The Downtown Market has a large amount of planning going for it. I remember reading that they visited other urban markets, including Columbus’ North Market, to interview vendors, examine layouts, and get a sense of the challenges facing them. The strength of any of these markets – from North Market to Cleveland’s West Side Market to Cincinnati’s Findlay Market – is the ability to collaborate. So I think it’s vital they do events like this, that keep customers exploring the whole market and uniting vendors under a common theme.


The Brunch Bites – which seems to run nearly every Sunday – is a perfect example of this unifying event. A temporary bar stands in one corner, where customers can order a customized Bloody Mary. Then they’re welcome to stroll the market to purchase the regular offerings or the specialized menu items created for the day.


One of the more eye-catching stops is Field & Fire Bakery, with their beautiful trays of croissants, brioche, and breads.


We sampled a croissant while we strolled, and it was lovely. The owner of Field & Fire came to the market after baking for years at the famous Zingerman’s Deli in Ann Arbor. (Yes, Buckeye fans, good things can come out of Ann Arbor.)


We also swung by the Sweetie-licious bakery, where they were making crepes.


At Sweetie-licious we nabbed a baklava crepe. Why have we never thought of this before?! It’s a crepe loaded with walnuts, pistachios, and honey. It was sweet, steaming hot, and delicious. The only downside: the warmth lets the honey sink to the bottom of the crepe. Bonus: the final bite is soaked in warm honey.

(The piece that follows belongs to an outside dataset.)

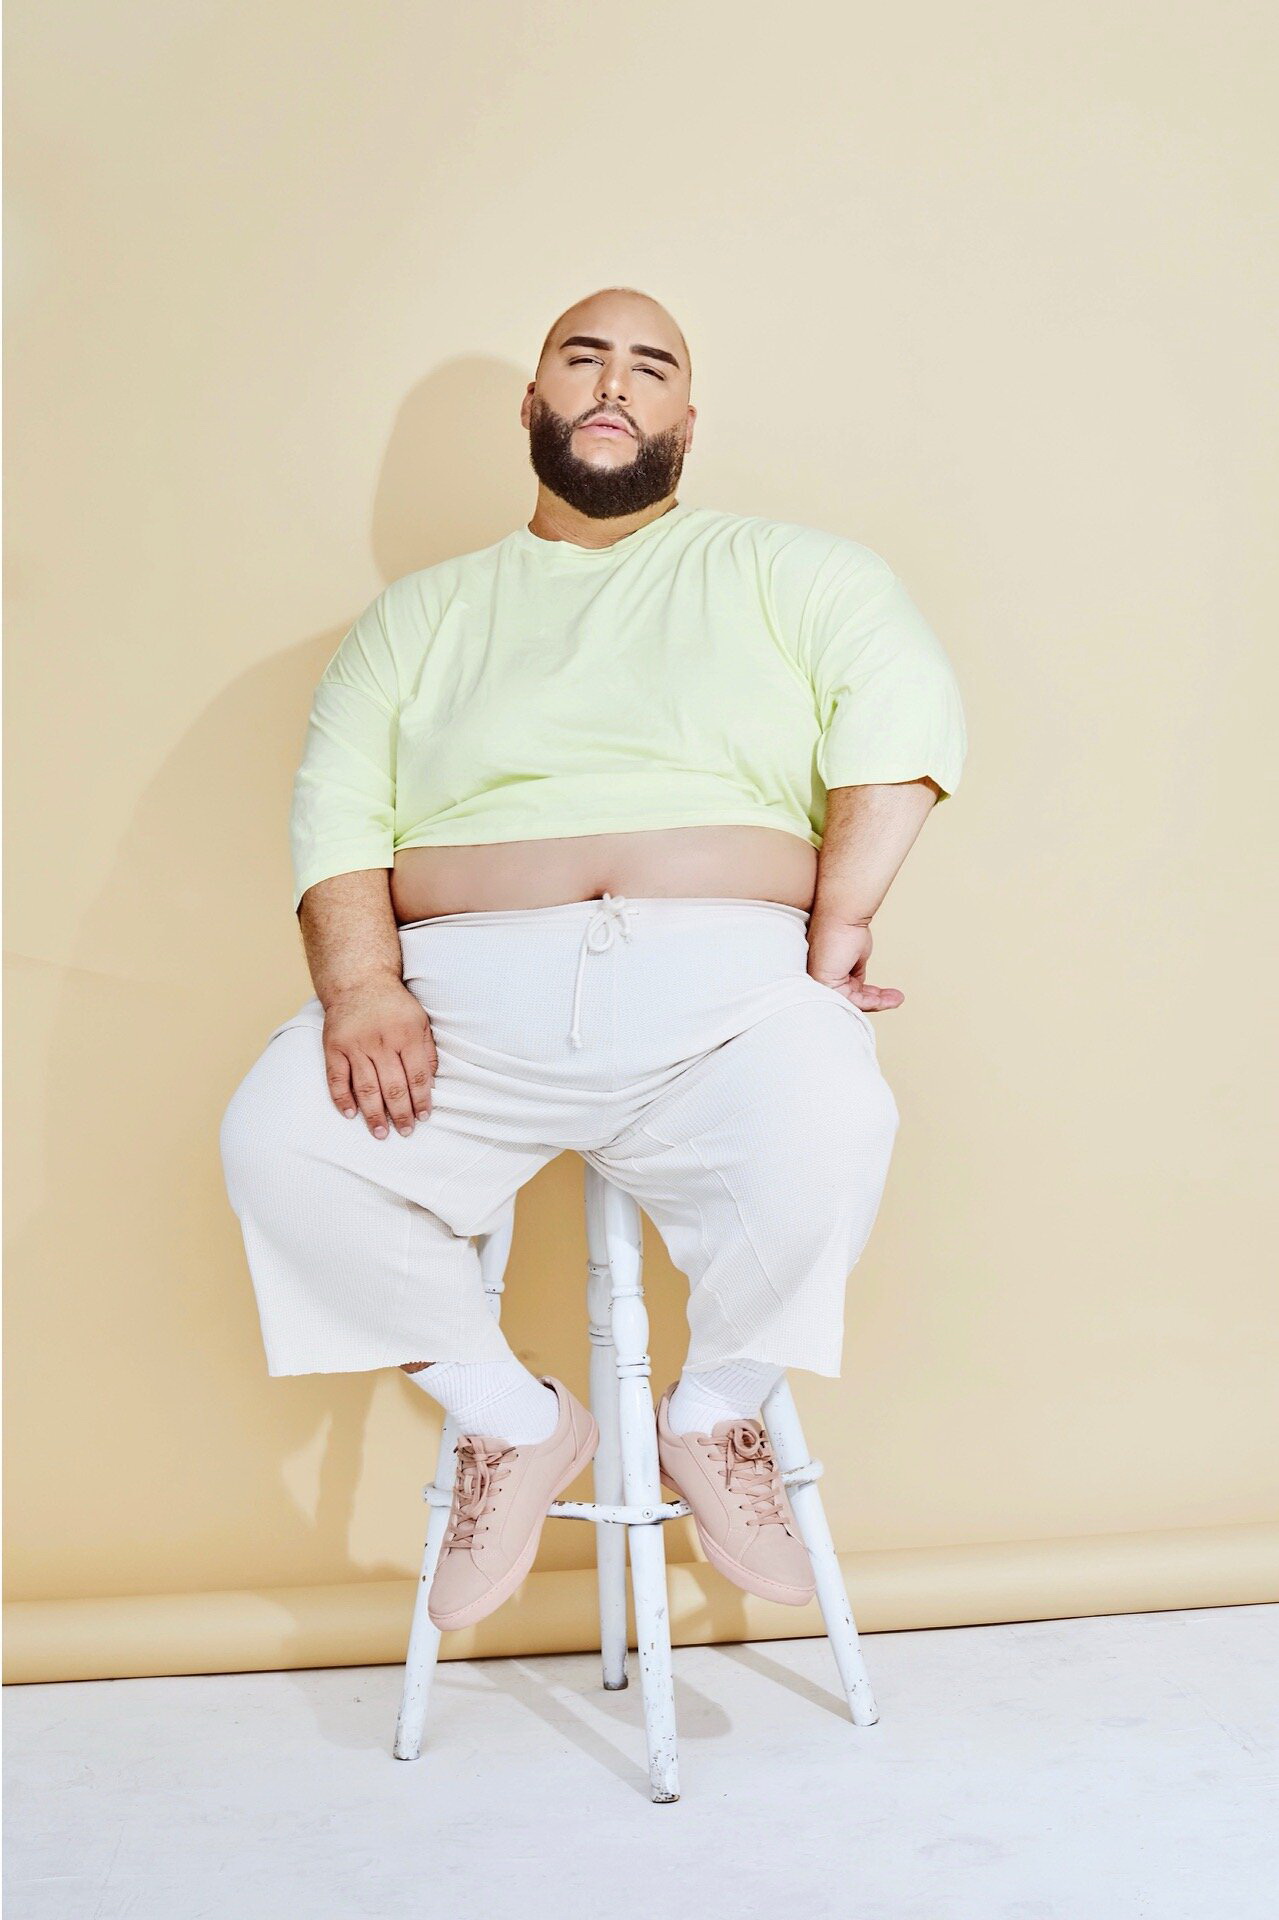 Ady is sitting on a white stool, against a beige wall wearing a mint t-shirt and white loose pants. His belly is partially uncovered. His left arm is bent on his hip and his right arm is relaxed along his body. He is sitting with his legs open. He is wearing white socks and light pink trainers.

The other market vendors include the usual favorites, like the Fish Lads (with their beautiful logo). There’s also a florist, olive oil shop, grocer, spice shop, juice bar, cheesemonger, coffee corner, and many prepared foods. You can see the current list here.


The market still has lots of space to grow, but it’s getting there. And you can’t beat the modern construction with lots of natural light, and a solid integration into the neighborhood landscape. There building has an upstairs, too, that’s open to the lower floor. On the upper level are community and classroom spaces.


There’s also an active greenhouse (with beautiful views of the city) that’s used for classes and events.


BONUS! If you’re stopping by the market, you can also scout out Madcap Coffee downtown.


Madcap is a solid “third wave” coffee roaster and shop. The Mrs and I enjoyed a cappuccino and a cafe miel (pictured above and below).


Similar to a honey latte, the cafe miel features espresso and foamed milk with cinnamon and honey. It’s very rich and tasty. (“Miel” is French for honey.)

Propaganda Donuts | Grand Rapids, MI

Propaganda Donuts (Facebook / @PropagandaDonut)

117A S. Division Ave. (map it!)
Grand Rapids, MI 40503
Open Mon, Wed-Sun, 8a-12p; open Fri & Sat, 8p-12a
Accepts cash & credit/debit
Vegetarian/vegan/gluten free? Y/N/Y

Visited: Sunday, March 30, 2014 at 9:30a

“Danger. Intrigue. Donuts.” That’s the tagline for Propaganda Donuts, a hip new donut shop set up just south of downtown Grand Rapids on Division Avenue. It sets up an air of mystery and curiosity, which is followed through with a location more like a film noir set than a traditional donut shop. The space itself is an old storefront – one I’ve never visited before – with an in-set tiled entryway, a wooden door, and big windows.

The sandwich board out front gives you another clue that these donuts will be anything but traditional.

The interior is one long room, the left wall all exposed brick. There’s a small counter, while the rest of the customer space is dedicated to a few seats for waiting and a desk.

Even the counter itself is stacked with stuff like detective novels, an old wooden filing cabinet, a bottle of moonshine, binoculars.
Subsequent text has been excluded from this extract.